Especially in cases where genetics is not overemphasized, the idiom of genomic contextualism holds advantages over genetic determinism, by drawing our attention to questions to how genomic information is being used in different contexts and whether those contexts have different causal frameworks at play. Applied to the CCR5delta32 case, genomic contextualism would highlight specific ethical issues that arise in policy and practice, such as the challenges of targeted recruiting of homozygous carriers for research and donation of stem cells and the social and behavioral implications of returning genetic results about HIV resistance. In its expanded form, it also sheds light on why genomics has much greater causal salience in biomedical policy contexts that focus on treatments and cures, and less causal salience in public health contexts where prevention-oriented strategies predominate. In each context, causal pragmatism--the prioritization on what professionals in each domain can control (Krieger 2008)--influences the causal salience of genomics in different environments. Recognizing differences in causal frameworks may be sufficient for resolving translative stasis; disputants can agree on what actions should be taken, without trying to resolve underlying (and perhaps incommensurable) philosophical differences in causal frameworks.
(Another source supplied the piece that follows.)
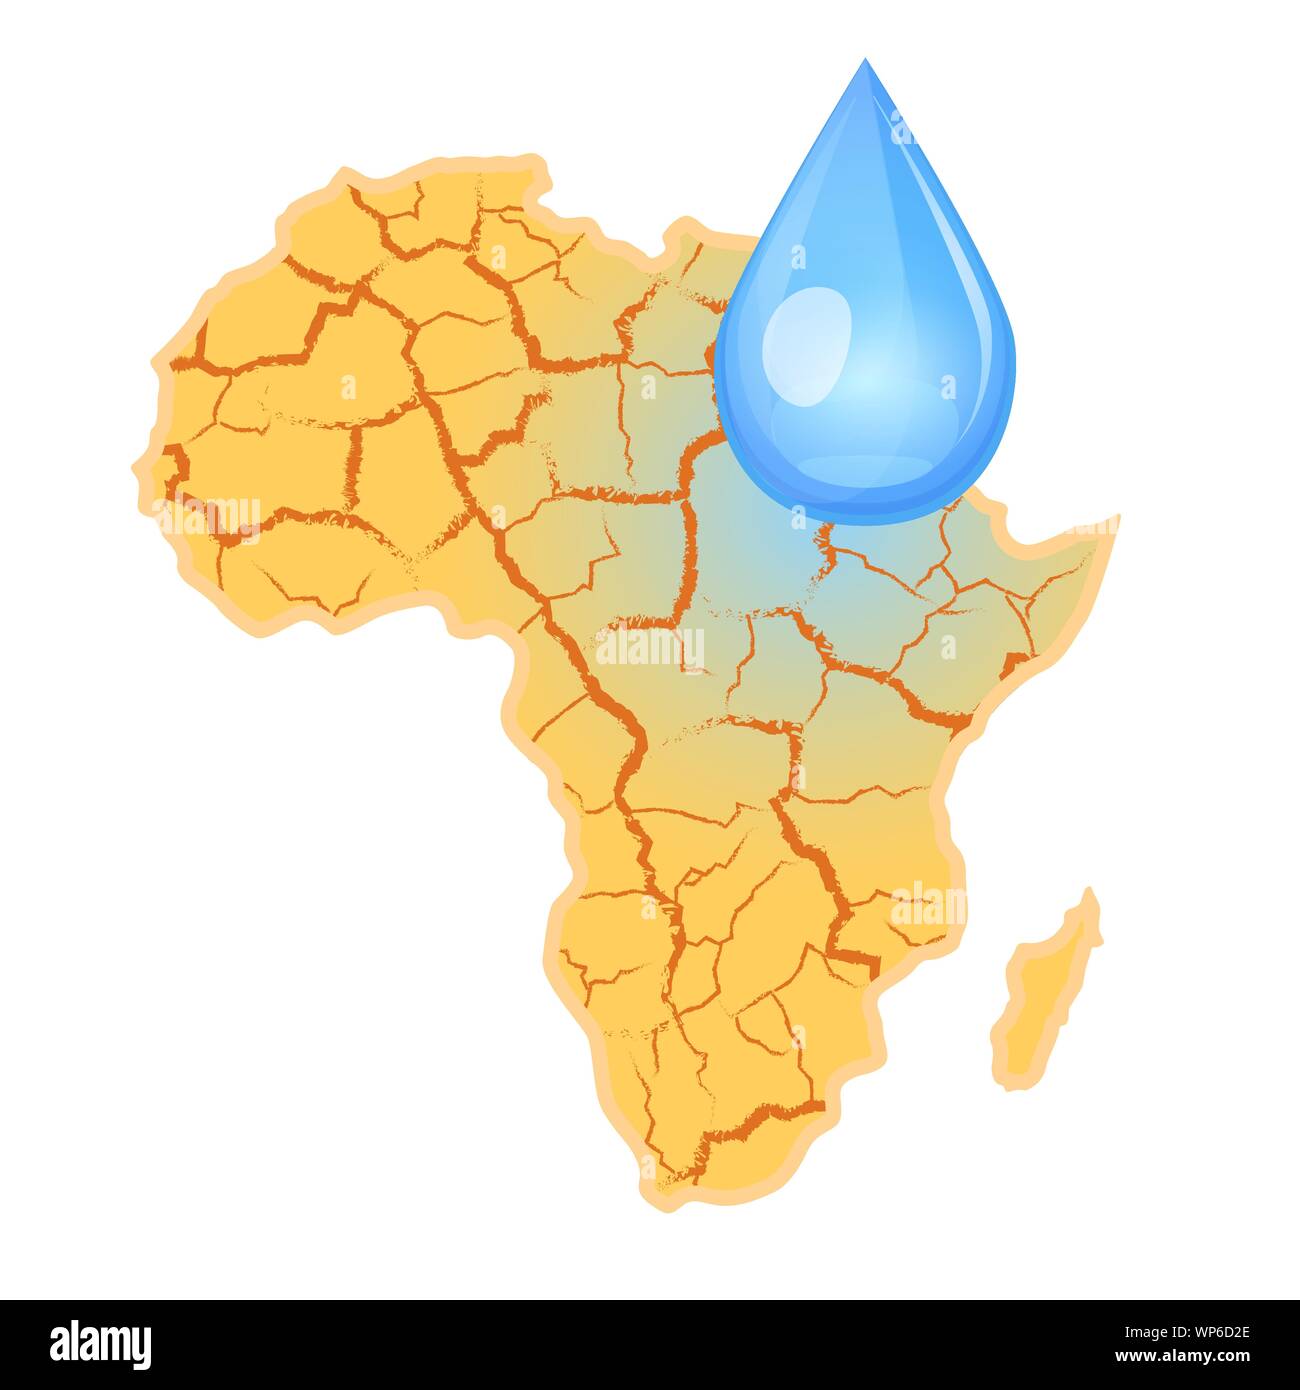 L'Afrique a besoin de l'eau. Concept de la rareté de l'eau. La sécheresse en Afrique et une goutte d'eau. Illustration vectorielle, isolé sur fond blanc. Illustration de Vecteur

Many trends make genomic contextualism a timely intervention in policy debates about ethics of regulating genomic information. With the rise of precision medicine and precision public health; big data and the increasing aggregation of multiple data streams, genetic and non-genetic; and transdisciplinary efforts to untangle the etiology of complex polygenic diseases, it will be especially important to understand the changes in the contexts, forms, and uses for genomic information with nuanced and systematic approaches like genomic contextualism.